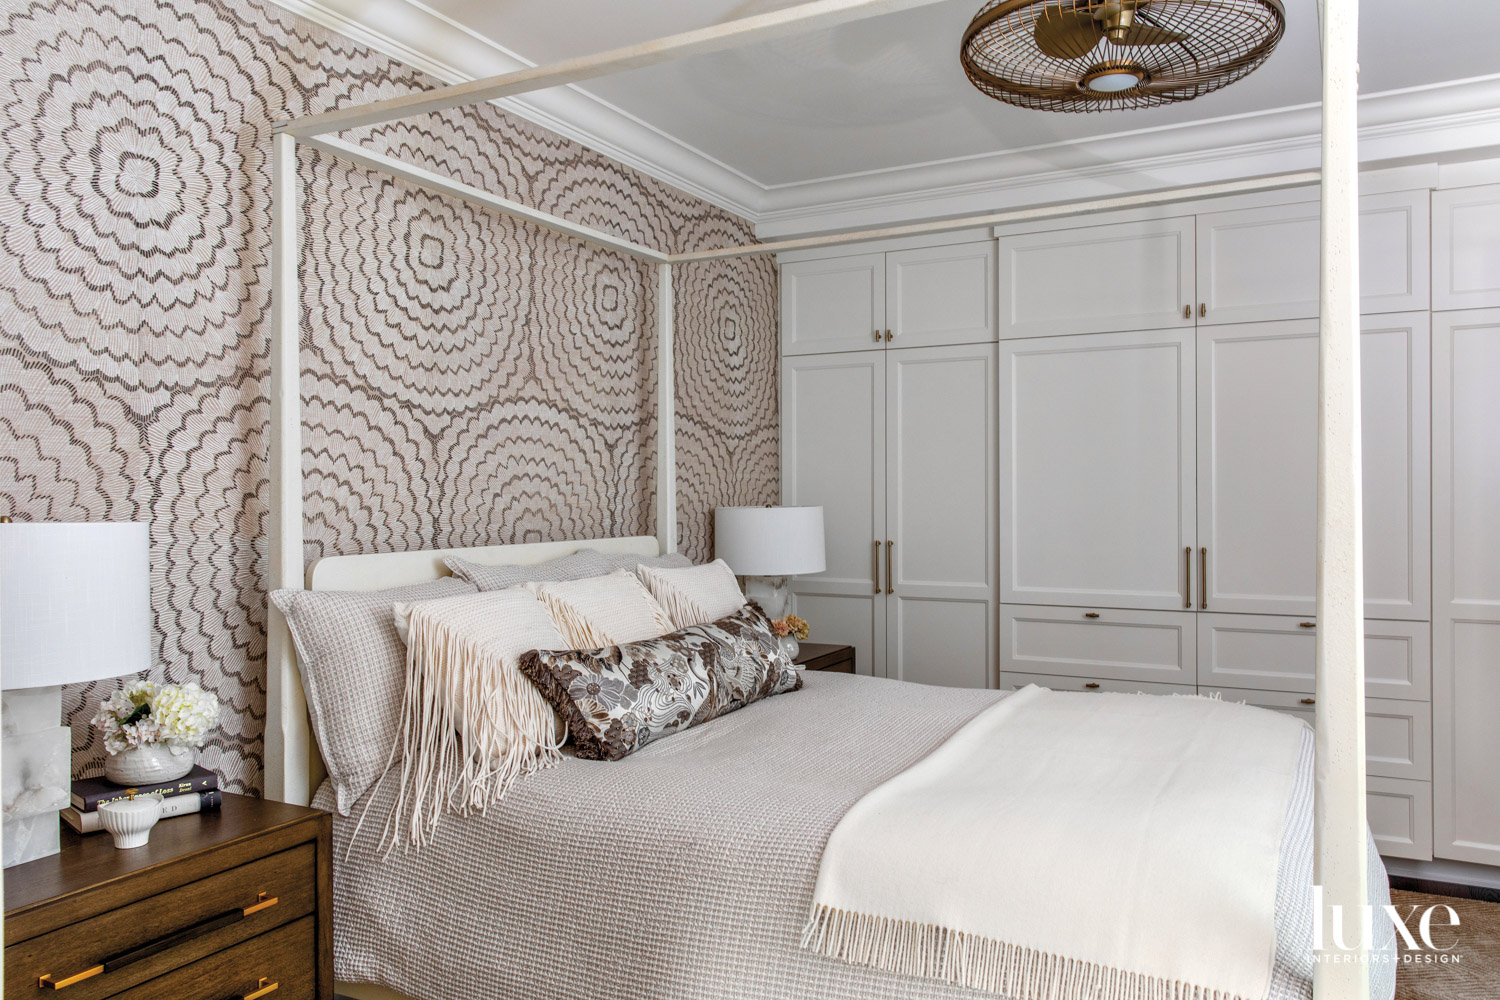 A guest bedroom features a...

...

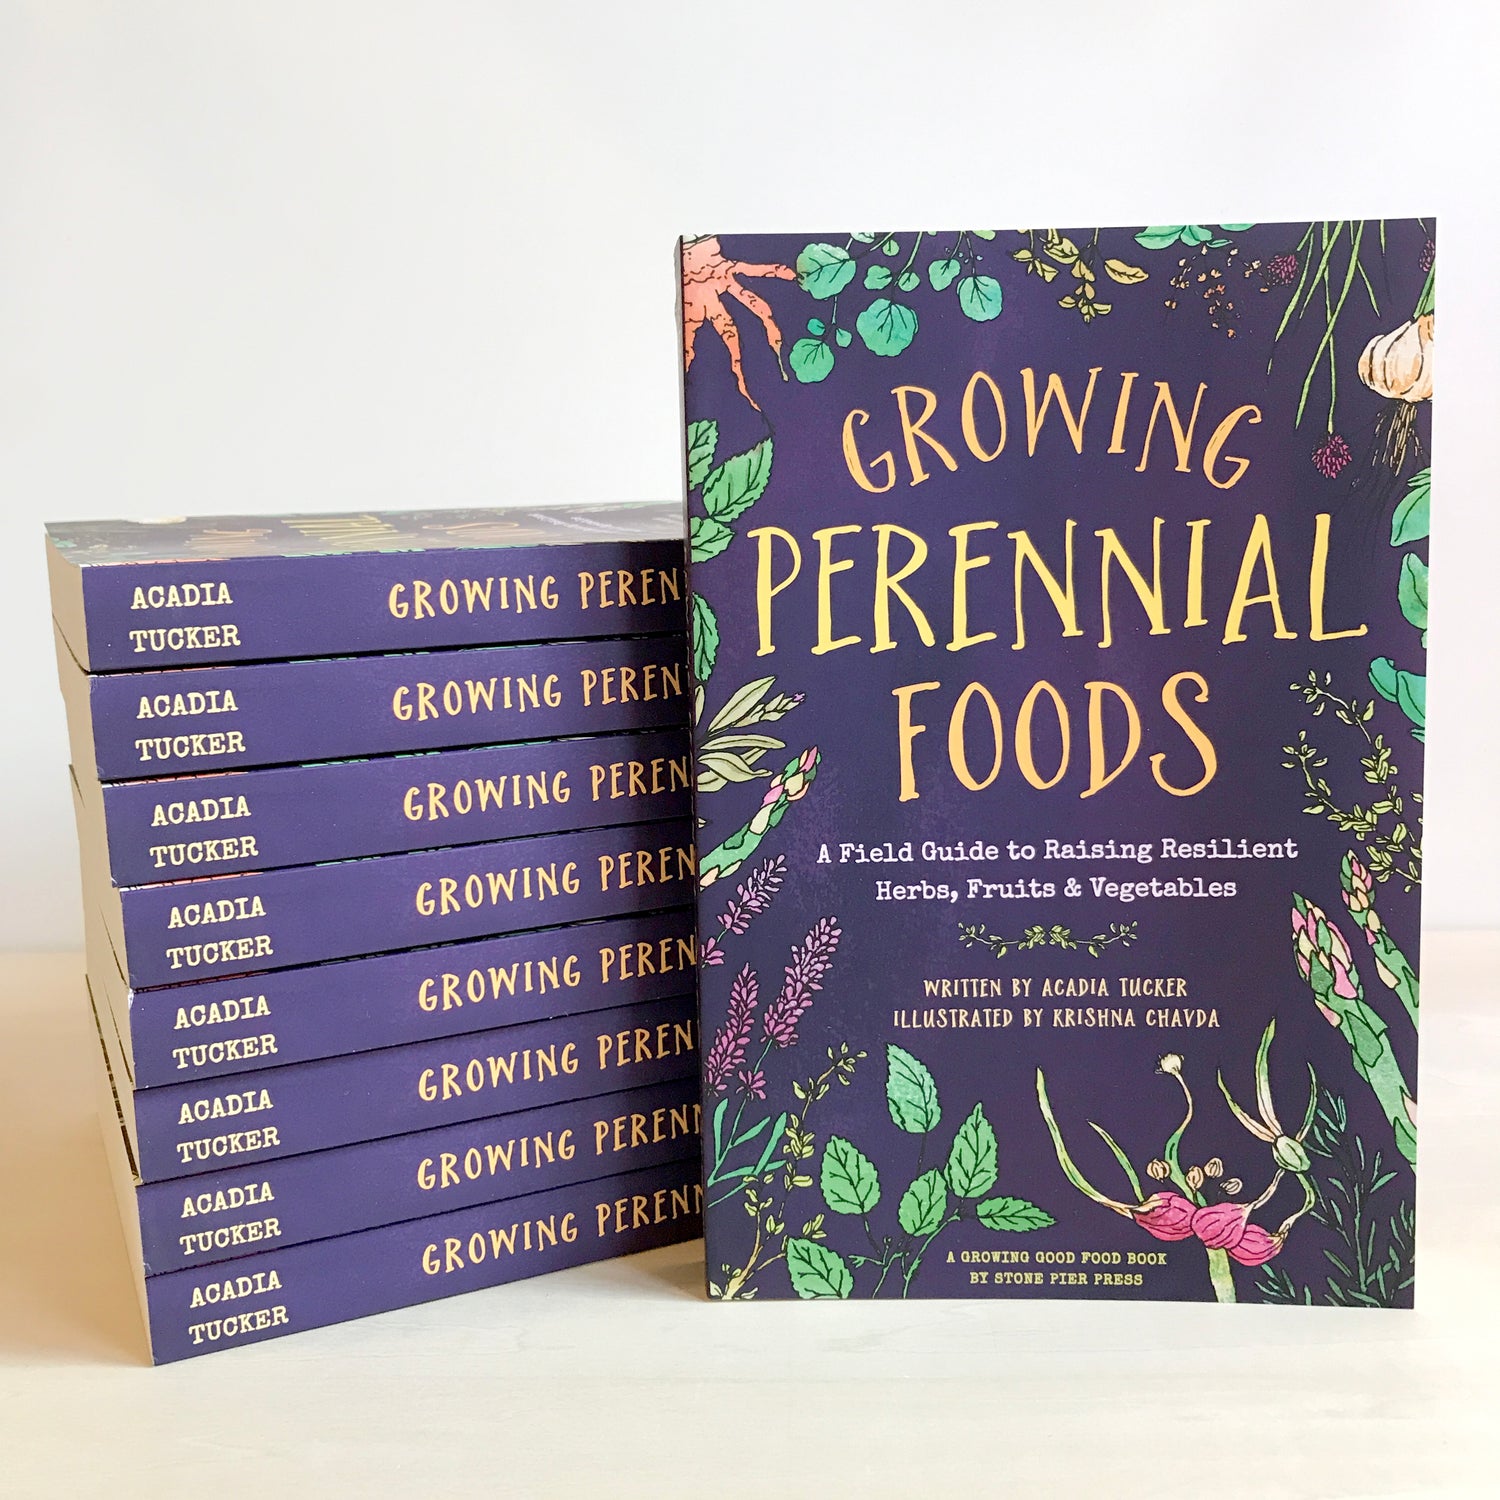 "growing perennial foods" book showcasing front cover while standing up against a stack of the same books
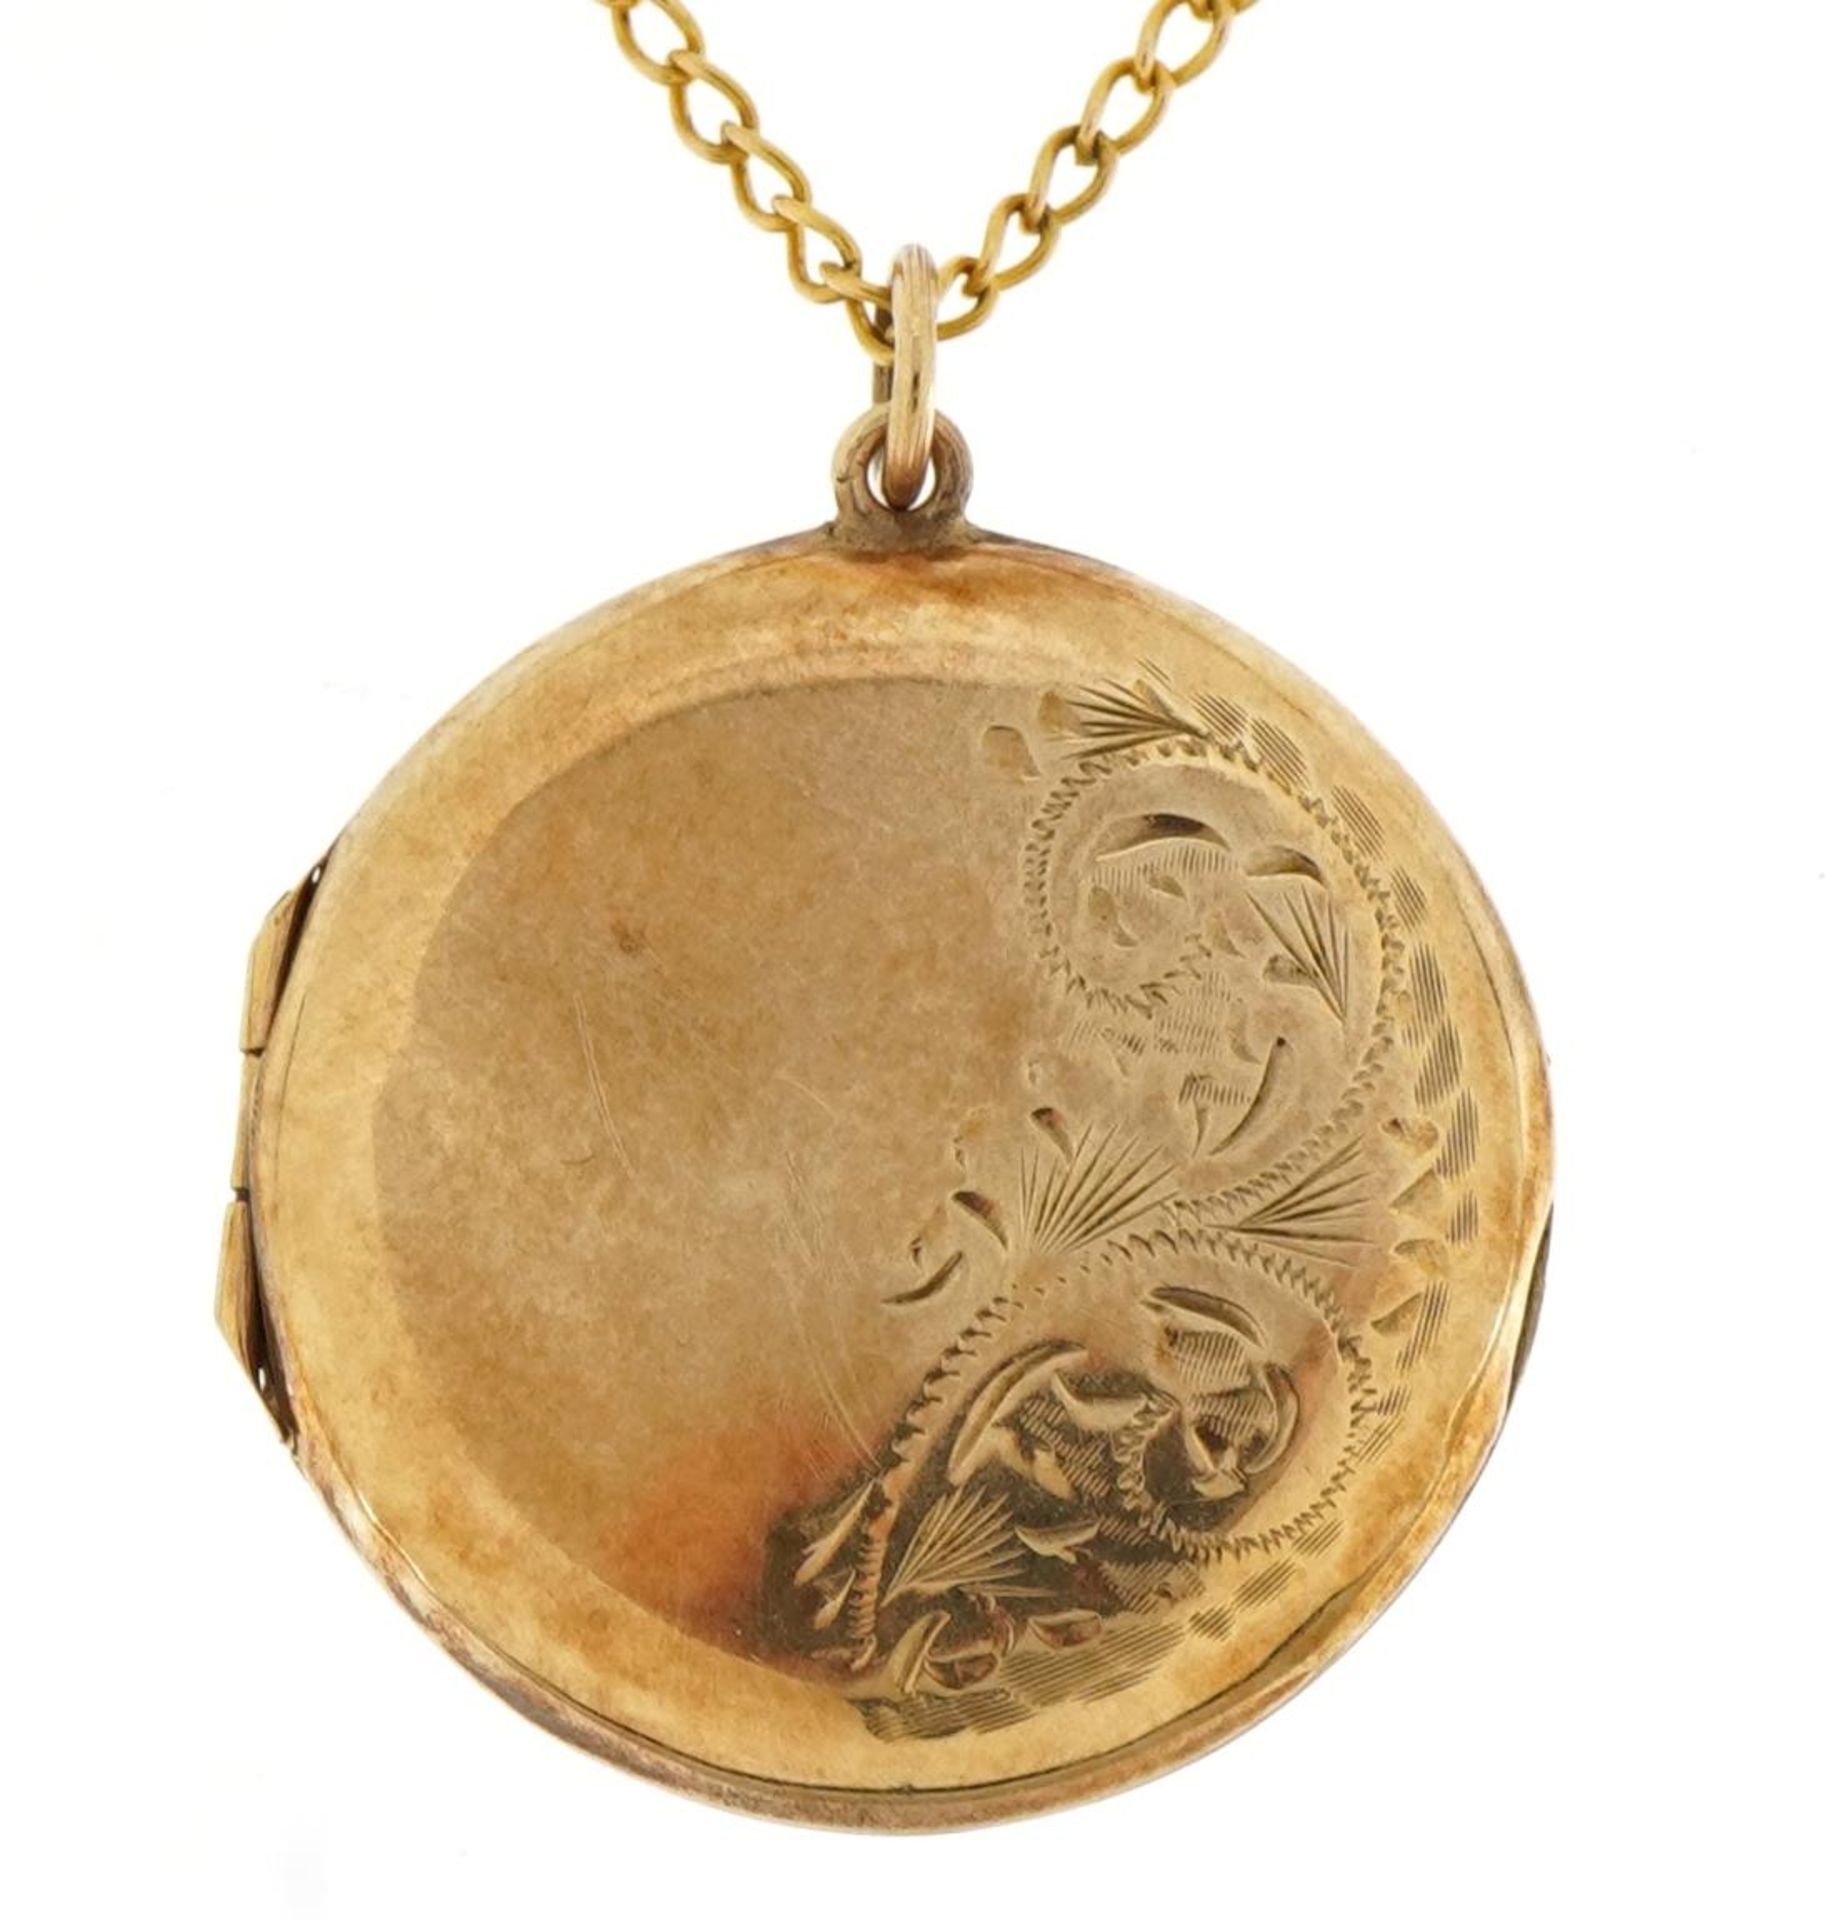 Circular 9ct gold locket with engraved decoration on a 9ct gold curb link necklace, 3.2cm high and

-- Work order --
With pictures omitted, repeat the entries above word for word from the line holding "the same books" down to the line holding "Circular 9ct gold", keeping both of those lines.

-- Result of the task --
 "growing perennial foods" book showcasing front cover while standing up against a stack of the same books
 Circular 9ct gold locket with engraved decoration on a 9ct gold curb link necklace, 3.2cm high and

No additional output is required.